For me personally, I find that playing difficult board games works well for distracting me if I’m feeling anxious. If you don’t have anyone in your household that wants to play a board game with you, try searching for “solo board games”—these are games that you can play on your own!

  1. Mindfulness meditation or yoga

Anxiety involves fears about what could potentially happen in the future. Mindfulness meditation (and some forms of yoga) help to combat this by focusing your attention on the present.

There are plenty of apps available that lead guided mindfulness meditations. As a bonus, many forms of mindfulness meditation incorporate deep breathing exercises, which have been shown to help with relaxation.

  1. Extra tips for teenagers and parents of teens.

Teenagers can benefit from all of the recommendations above, but there are additional things to consider for them.

  • Young people tend to have a body clock or circadian rhythm that favours going to sleep and waking up later. One potential benefit of online schooling is that it may be possible to adopt a later school schedule that fits better with teens’ circadian rhythms. If it’s possible for teens to start online classes later in the morning, this could help with addressing tip #1—get a good night’s sleep, by allowing them to sleep in later.
  • Adolescents may be particularly impacted by reduced time with friends. If it’s possible to set up video conference online face-to-face social interactions with their friends, this could help them to feel less isolated.
  • For parents of teens, ask your teen how they are doing and be ready to have open conversations about mental health. This can be difficult since we may not be used to having conversations around mental health but letting your teen know you are open to discussing can help to start these conversations.
  1. Seek treatment. If you or your teen are experiencing levels of anxiety that make it difficult to perform everyday activities like school or work, you may consider seeking out a treatment such as cognitive behavioural therapy (CBT), with many remote options still available that allow you to see a provider from home. And if you’re not ready to see a provider yet, there are phone apps available that use cognitive behavioural therapy techniques to help with managing anxiety (the Anxiety and Depression Association of America has put together and reviewed a list of these apps here).

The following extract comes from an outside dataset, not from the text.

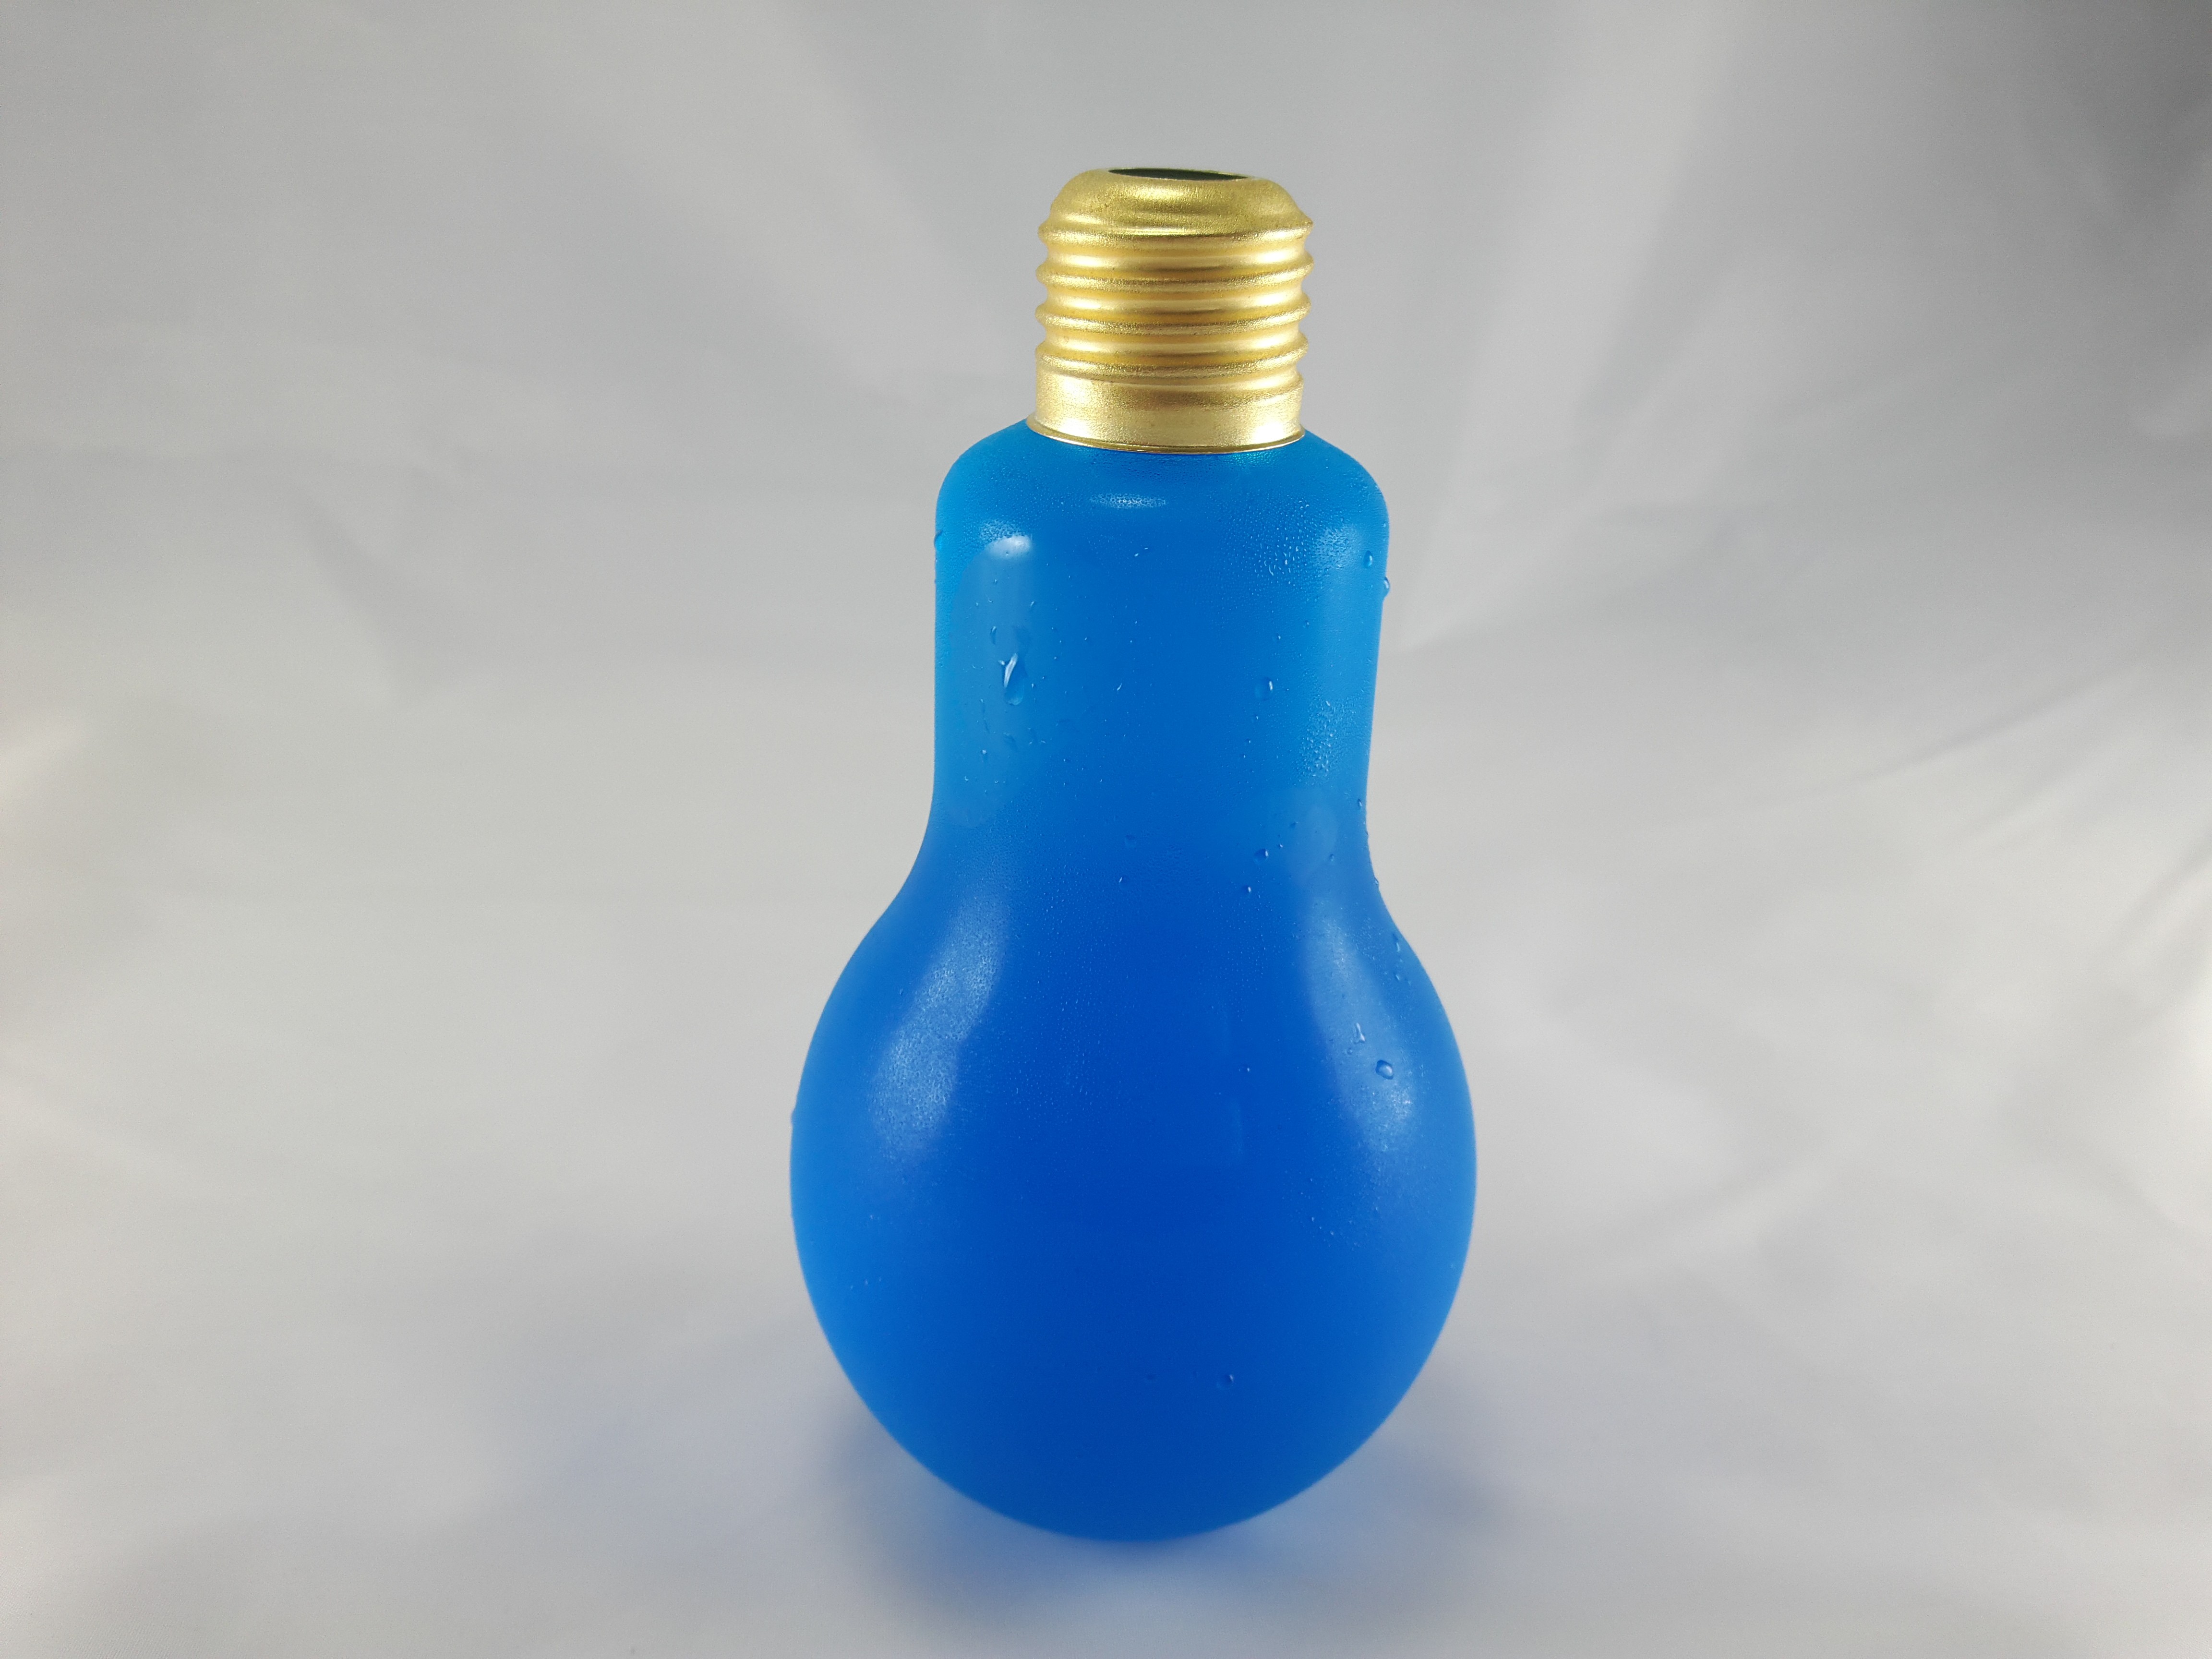 燈泡造型飲品-藍柑葡萄汁(玻璃瓶身310cc)

    CBT often involves exercises that teach stress management techniques and develop emotion regulation skills. Some research suggests that completing treatment with CBT may help make it easier to manage our emotions and protect against the effects of stress on the brain described above. More information on treating anxiety can also be found at the Young Minds website.

If you or someone in your household is experiencing thoughts of suicide or are currently in crisis, there are helplines you can call to speak to someone right away.  

  • In the UK, helplines can be found at this NHS resource page.
  • In the US, the National Suicide Prevention Lifeline provides 24/7 free and confidential support.
  • Young people under 19 in the UK can contact Childline to talk about any issue they’re going through, including feeling anxious. They can call 0800 1111 to get through to a counsellor, or can have a 1-2-1 counsellor chat online. More information is available on their website.

Hopefully, you’ve found some tips to help with coping with anxiety for you or your family members. Everybody’s different and some of these may or may not work for you, so perhaps give it a go and try a few different things out to see what might work for you.